→ **What the task requires**:
Return the whole listing unchanged. Drop the images.

→ **Given information**:
────────────────
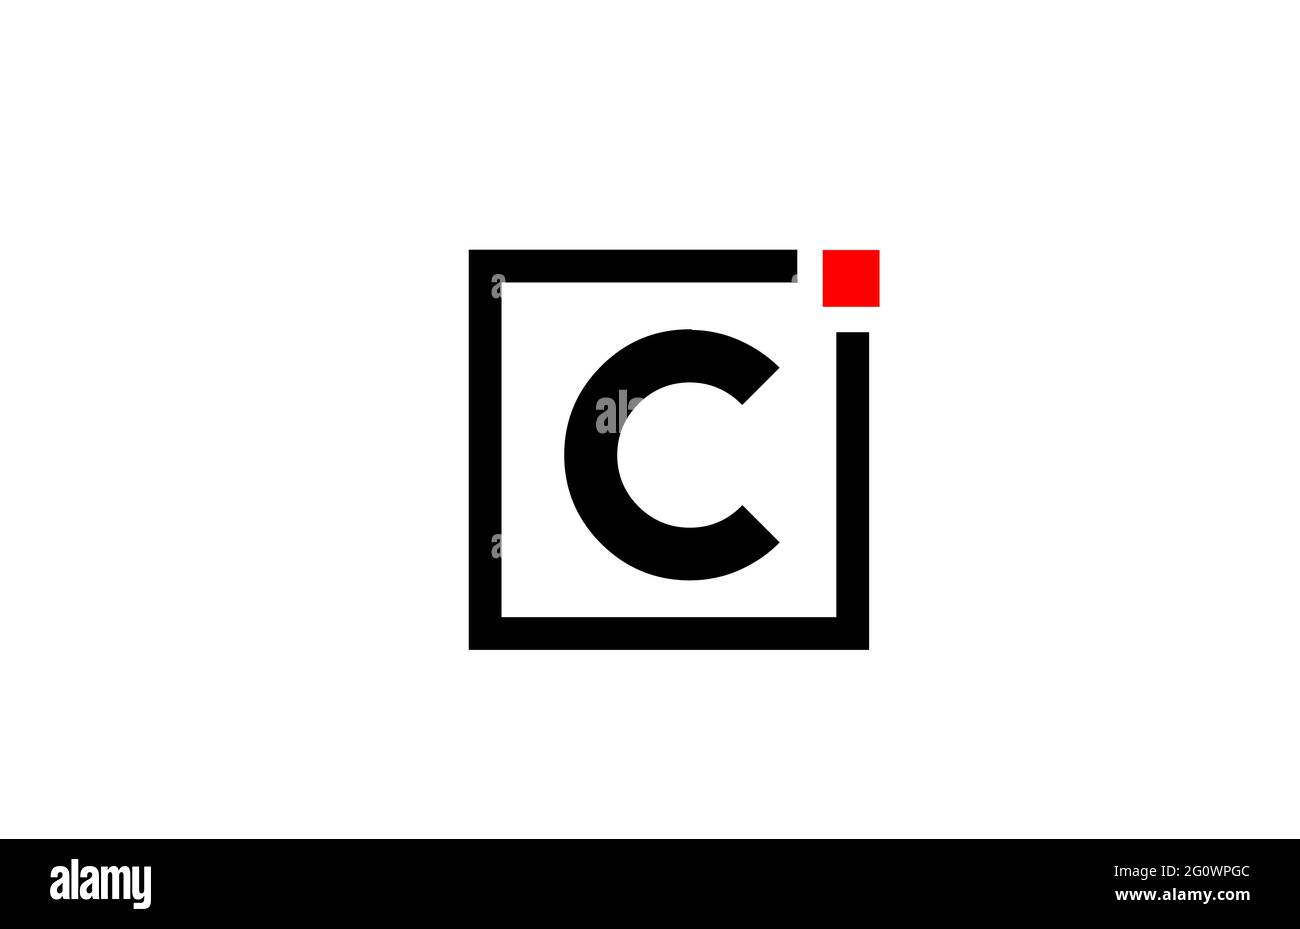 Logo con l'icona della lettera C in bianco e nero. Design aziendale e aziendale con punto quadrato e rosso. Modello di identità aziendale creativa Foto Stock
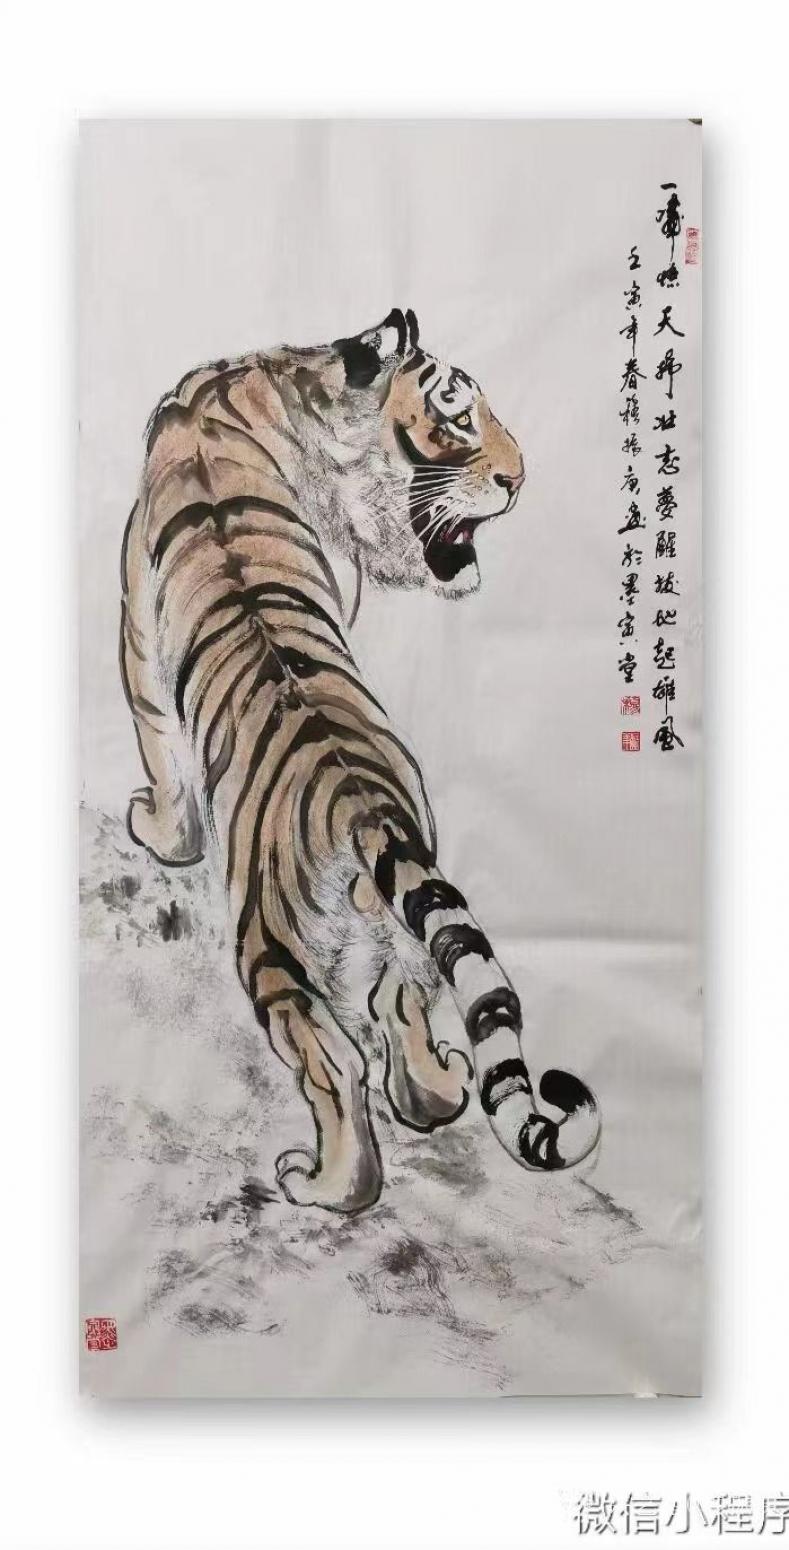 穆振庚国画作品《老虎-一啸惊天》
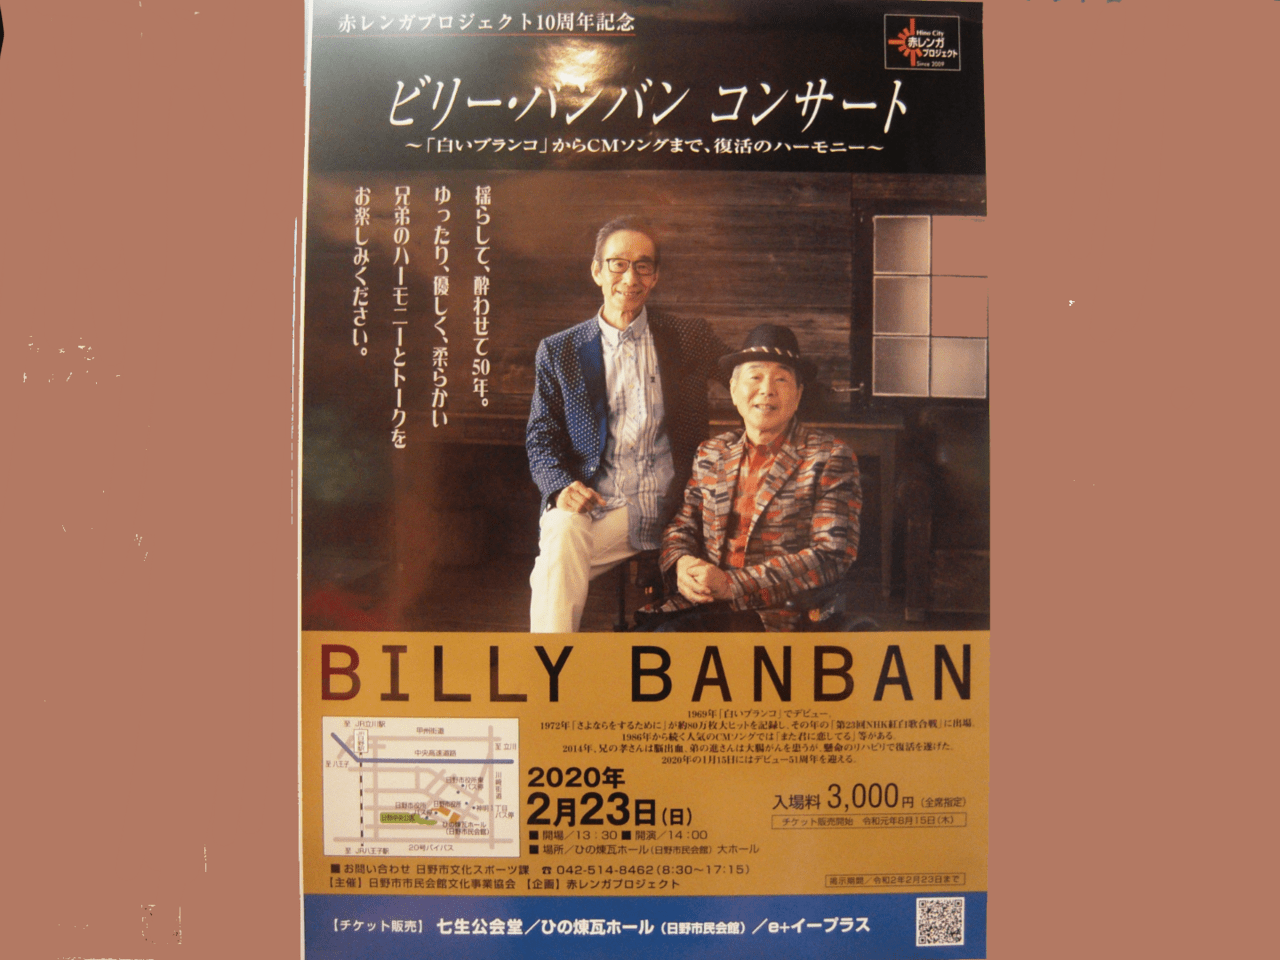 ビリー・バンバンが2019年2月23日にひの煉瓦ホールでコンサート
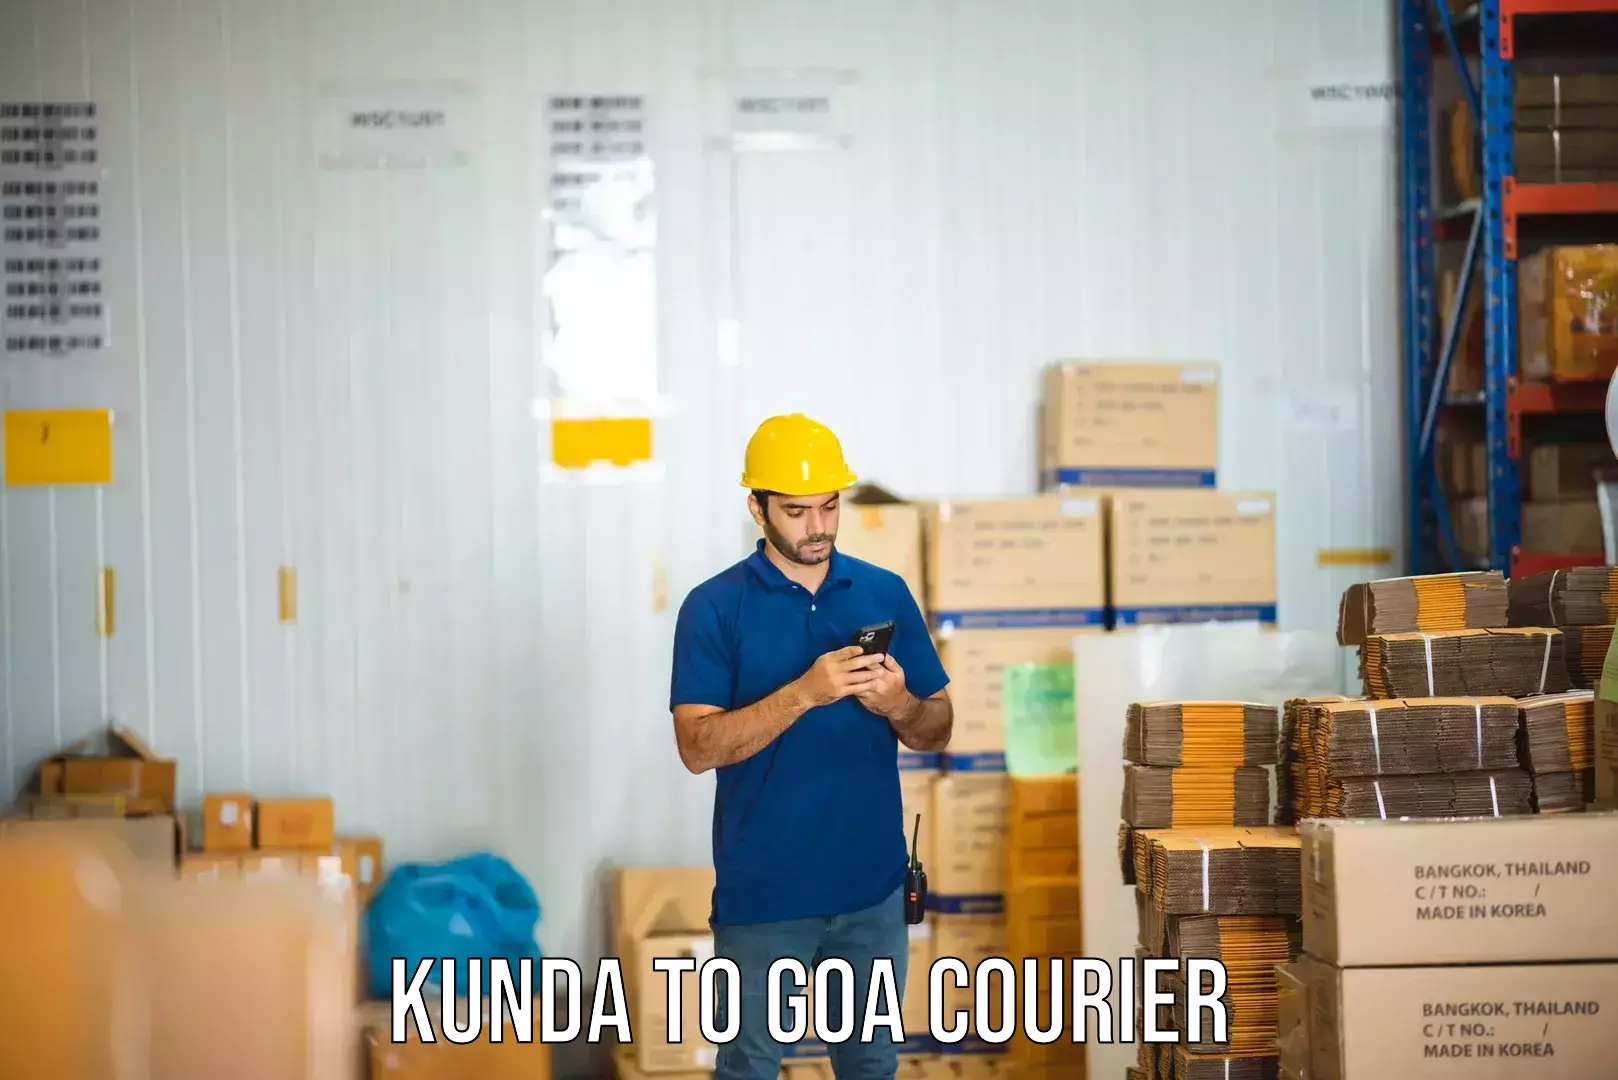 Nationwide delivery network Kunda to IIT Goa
────────────────
→ **Exercise answer**:
 Logo con l'icona della lettera C in bianco e nero. Design aziendale e aziendale con punto quadrato e rosso. Modello di identità aziendale creativa Foto Stock
 穆振庚国画作品《老虎-一啸惊天》
 ビリー・バンバンが2019年2月23日にひの煉瓦ホールでコンサート
 Nationwide delivery network Kunda to IIT Goa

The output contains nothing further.